# Interactive Brokers funds sweep/margin issues



## jackrab (20 June 2017)

I've been having issues with the excess funds sweep and been getting margin notices for the past 2 months in my SPI futures trading with Interactive Brokers.

How I understand it.... stocks are held in the Securities Segment, while futures are traded in the Commodities Segment (for ES, SPI, etc (mainly USA and Australia) and other futures, like HK, Japan etc, are traded in the UK Regulated Segment. Usually you would have funds sitting in the Securities segment, letting IB sweep funds to the Commodities when needed for margin... 

I trade SPI futures, which are traded in the commodity segment of IB and their funds sweep has been screwed since a few months, meaning I get margin notices every time I do a trade through the commodity segment, because the excess funds sweep doesn't happen correctly at the cut-off time when they do a check, and the system thinks I have no funds... while in fact I have plenty.

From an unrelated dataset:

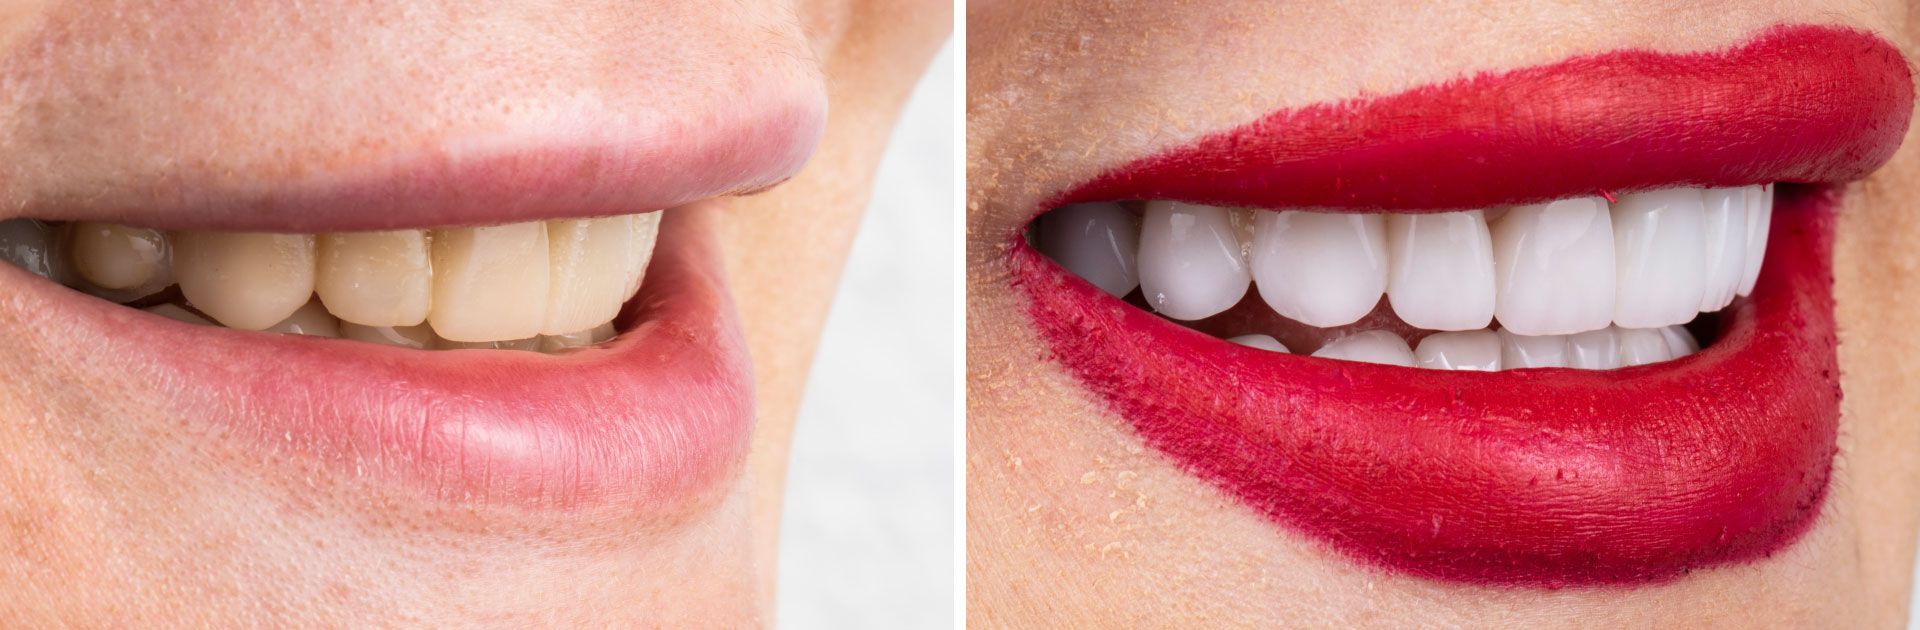 An image of a patient's teeth before and after veneers

They say that it has to do with the US exchange margin check rule (CFTC I guess) at 17:15 EST (US time). And that this gives problems for clients who trade non-US hours in the commodity segment. It's been going on since beginning of May. Even if I close out the position ... I get a margin notice. Basically I end up with no position every day... but still get notices, and then after 3 days I can only close or hedge... even if I have no position left! 

Has anyone else who trade SPI through IB been having issues regarding this???


----------